Collected data
━━━━━━━━━━━━━━━━

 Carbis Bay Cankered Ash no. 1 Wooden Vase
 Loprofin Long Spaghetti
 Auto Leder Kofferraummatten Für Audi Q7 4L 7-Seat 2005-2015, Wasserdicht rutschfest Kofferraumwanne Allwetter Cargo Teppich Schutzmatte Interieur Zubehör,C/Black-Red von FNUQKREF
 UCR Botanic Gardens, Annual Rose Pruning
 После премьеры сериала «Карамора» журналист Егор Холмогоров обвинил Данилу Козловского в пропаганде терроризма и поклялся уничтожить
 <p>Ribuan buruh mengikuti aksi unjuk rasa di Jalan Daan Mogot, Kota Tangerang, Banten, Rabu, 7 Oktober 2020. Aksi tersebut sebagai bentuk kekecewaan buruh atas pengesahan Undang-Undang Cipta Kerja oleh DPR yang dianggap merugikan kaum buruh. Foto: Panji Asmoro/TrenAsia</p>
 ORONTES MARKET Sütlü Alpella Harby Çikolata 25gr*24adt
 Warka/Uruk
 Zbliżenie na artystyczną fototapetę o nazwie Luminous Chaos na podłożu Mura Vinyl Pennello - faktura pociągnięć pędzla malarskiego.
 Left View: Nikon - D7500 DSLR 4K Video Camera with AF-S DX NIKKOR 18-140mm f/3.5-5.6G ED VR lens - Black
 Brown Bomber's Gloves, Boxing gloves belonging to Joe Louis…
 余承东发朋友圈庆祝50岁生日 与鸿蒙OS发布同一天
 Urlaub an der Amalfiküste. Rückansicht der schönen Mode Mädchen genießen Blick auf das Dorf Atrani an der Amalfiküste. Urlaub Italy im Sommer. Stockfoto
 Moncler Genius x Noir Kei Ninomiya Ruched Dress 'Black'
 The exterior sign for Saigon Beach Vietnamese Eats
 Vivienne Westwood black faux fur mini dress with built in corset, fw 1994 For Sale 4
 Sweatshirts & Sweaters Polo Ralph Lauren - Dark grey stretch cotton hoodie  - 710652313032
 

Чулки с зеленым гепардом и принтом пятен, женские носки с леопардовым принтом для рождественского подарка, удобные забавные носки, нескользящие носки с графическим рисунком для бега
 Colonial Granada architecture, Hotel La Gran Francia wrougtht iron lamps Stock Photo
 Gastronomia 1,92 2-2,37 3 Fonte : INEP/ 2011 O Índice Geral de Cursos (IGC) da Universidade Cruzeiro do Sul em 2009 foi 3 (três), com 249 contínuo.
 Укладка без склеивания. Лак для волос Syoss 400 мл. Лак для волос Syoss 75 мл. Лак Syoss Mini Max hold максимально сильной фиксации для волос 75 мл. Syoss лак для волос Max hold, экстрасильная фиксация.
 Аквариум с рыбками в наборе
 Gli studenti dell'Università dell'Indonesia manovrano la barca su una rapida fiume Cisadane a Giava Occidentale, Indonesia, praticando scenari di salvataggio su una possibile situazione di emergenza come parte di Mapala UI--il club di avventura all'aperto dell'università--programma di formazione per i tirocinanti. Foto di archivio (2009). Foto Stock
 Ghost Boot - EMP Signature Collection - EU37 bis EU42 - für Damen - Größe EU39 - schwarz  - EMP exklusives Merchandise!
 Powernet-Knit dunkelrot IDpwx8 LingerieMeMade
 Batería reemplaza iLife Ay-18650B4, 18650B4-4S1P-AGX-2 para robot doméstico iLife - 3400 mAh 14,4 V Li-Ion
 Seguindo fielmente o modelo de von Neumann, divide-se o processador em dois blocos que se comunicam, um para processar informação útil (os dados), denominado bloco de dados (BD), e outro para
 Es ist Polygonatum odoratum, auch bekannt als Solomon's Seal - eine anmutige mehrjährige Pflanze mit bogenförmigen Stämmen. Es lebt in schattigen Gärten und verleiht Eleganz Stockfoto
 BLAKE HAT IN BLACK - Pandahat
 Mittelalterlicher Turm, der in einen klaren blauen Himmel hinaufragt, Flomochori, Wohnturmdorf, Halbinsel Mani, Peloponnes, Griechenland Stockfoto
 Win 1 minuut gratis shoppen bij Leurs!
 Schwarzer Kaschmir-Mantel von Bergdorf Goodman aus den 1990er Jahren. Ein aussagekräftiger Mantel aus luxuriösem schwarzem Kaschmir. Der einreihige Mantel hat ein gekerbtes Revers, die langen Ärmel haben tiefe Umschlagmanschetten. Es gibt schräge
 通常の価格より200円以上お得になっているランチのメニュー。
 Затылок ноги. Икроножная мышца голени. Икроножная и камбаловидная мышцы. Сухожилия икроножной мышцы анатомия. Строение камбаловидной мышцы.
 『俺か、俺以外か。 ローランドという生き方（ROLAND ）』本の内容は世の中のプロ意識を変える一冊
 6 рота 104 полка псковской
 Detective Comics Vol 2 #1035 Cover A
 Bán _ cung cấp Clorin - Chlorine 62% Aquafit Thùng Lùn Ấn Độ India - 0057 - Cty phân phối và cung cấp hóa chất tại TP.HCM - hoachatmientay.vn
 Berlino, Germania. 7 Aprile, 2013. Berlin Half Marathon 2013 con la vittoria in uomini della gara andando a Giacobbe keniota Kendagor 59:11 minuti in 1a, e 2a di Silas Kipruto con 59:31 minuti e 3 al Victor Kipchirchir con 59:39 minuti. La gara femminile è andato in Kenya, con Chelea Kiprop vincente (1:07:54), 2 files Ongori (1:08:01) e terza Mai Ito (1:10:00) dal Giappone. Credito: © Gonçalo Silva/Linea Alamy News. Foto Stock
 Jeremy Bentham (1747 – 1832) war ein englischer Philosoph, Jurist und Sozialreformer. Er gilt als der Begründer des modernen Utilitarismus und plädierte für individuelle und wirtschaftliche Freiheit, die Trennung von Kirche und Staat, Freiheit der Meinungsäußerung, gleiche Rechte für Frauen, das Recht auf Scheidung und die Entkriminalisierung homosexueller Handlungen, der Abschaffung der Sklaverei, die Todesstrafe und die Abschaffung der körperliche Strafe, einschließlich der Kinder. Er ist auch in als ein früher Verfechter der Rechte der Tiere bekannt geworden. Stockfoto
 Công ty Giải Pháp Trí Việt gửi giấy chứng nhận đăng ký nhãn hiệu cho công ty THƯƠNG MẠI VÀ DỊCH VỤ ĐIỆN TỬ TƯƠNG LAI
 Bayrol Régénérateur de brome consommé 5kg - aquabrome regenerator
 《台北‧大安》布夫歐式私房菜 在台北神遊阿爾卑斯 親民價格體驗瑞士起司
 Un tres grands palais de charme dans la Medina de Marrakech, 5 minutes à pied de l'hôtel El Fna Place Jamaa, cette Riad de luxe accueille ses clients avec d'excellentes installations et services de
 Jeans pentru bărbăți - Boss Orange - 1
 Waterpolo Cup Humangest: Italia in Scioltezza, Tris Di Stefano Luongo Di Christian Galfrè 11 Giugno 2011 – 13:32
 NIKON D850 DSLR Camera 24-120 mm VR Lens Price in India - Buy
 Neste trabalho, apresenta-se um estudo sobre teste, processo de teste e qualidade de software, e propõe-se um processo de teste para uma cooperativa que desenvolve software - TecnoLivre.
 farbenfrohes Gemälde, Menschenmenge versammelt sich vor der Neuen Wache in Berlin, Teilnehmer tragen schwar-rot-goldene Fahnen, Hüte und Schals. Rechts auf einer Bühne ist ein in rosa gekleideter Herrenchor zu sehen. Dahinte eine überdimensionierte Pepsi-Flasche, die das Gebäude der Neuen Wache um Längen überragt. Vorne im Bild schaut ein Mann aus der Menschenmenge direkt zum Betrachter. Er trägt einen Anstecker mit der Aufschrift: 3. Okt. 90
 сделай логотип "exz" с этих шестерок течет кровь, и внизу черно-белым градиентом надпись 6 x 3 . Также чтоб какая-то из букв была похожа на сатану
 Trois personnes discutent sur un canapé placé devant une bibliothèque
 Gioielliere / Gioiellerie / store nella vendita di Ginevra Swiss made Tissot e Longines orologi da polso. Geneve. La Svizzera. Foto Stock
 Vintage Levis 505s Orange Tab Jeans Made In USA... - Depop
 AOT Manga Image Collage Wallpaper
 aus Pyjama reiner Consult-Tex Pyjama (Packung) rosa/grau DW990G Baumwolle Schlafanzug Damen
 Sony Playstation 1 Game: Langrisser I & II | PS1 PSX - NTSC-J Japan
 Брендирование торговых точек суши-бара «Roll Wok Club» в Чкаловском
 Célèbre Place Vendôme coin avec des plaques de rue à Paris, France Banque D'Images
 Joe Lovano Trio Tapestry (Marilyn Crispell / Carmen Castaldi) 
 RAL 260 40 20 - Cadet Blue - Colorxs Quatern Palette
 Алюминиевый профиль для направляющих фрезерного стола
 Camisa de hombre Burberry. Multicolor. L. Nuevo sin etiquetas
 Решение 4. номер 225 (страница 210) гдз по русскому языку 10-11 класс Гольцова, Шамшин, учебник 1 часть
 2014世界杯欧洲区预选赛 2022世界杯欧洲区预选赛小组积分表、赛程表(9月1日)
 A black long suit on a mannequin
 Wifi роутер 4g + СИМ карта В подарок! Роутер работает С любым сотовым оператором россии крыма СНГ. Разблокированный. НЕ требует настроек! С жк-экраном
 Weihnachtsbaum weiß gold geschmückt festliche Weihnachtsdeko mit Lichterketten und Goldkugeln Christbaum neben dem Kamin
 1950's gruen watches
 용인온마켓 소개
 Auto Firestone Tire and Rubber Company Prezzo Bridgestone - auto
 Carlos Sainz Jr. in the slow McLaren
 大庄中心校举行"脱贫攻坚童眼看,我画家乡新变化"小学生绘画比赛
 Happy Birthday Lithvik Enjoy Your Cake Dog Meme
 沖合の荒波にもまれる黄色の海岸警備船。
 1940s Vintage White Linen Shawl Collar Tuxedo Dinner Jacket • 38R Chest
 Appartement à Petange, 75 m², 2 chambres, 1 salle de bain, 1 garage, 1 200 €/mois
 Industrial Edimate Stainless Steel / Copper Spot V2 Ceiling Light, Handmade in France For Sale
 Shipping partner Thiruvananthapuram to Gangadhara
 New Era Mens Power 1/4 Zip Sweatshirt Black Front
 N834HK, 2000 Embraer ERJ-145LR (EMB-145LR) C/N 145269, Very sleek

━━━━━━━━━━━━━━━━

> What is required
The answer should consist of the lines from the first line of the entries through the line with "The exterior sign", copied exactly.

> Result of this exercise
 Carbis Bay Cankered Ash no. 1 Wooden Vase
 Loprofin Long Spaghetti
 Auto Leder Kofferraummatten Für Audi Q7 4L 7-Seat 2005-2015, Wasserdicht rutschfest Kofferraumwanne Allwetter Cargo Teppich Schutzmatte Interieur Zubehör,C/Black-Red von FNUQKREF
 UCR Botanic Gardens, Annual Rose Pruning
 После премьеры сериала «Карамора» журналист Егор Холмогоров обвинил Данилу Козловского в пропаганде терроризма и поклялся уничтожить
 <p>Ribuan buruh mengikuti aksi unjuk rasa di Jalan Daan Mogot, Kota Tangerang, Banten, Rabu, 7 Oktober 2020. Aksi tersebut sebagai bentuk kekecewaan buruh atas pengesahan Undang-Undang Cipta Kerja oleh DPR yang dianggap merugikan kaum buruh. Foto: Panji Asmoro/TrenAsia</p>
 ORONTES MARKET Sütlü Alpella Harby Çikolata 25gr*24adt
 Warka/Uruk
 Zbliżenie na artystyczną fototapetę o nazwie Luminous Chaos na podłożu Mura Vinyl Pennello - faktura pociągnięć pędzla malarskiego.
 Left View: Nikon - D7500 DSLR 4K Video Camera with AF-S DX NIKKOR 18-140mm f/3.5-5.6G ED VR lens - Black
 Brown Bomber's Gloves, Boxing gloves belonging to Joe Louis…
 余承东发朋友圈庆祝50岁生日 与鸿蒙OS发布同一天
 Urlaub an der Amalfiküste. Rückansicht der schönen Mode Mädchen genießen Blick auf das Dorf Atrani an der Amalfiküste. Urlaub Italy im Sommer. Stockfoto
 Moncler Genius x Noir Kei Ninomiya Ruched Dress 'Black'
 The exterior sign for Saigon Beach Vietnamese Eats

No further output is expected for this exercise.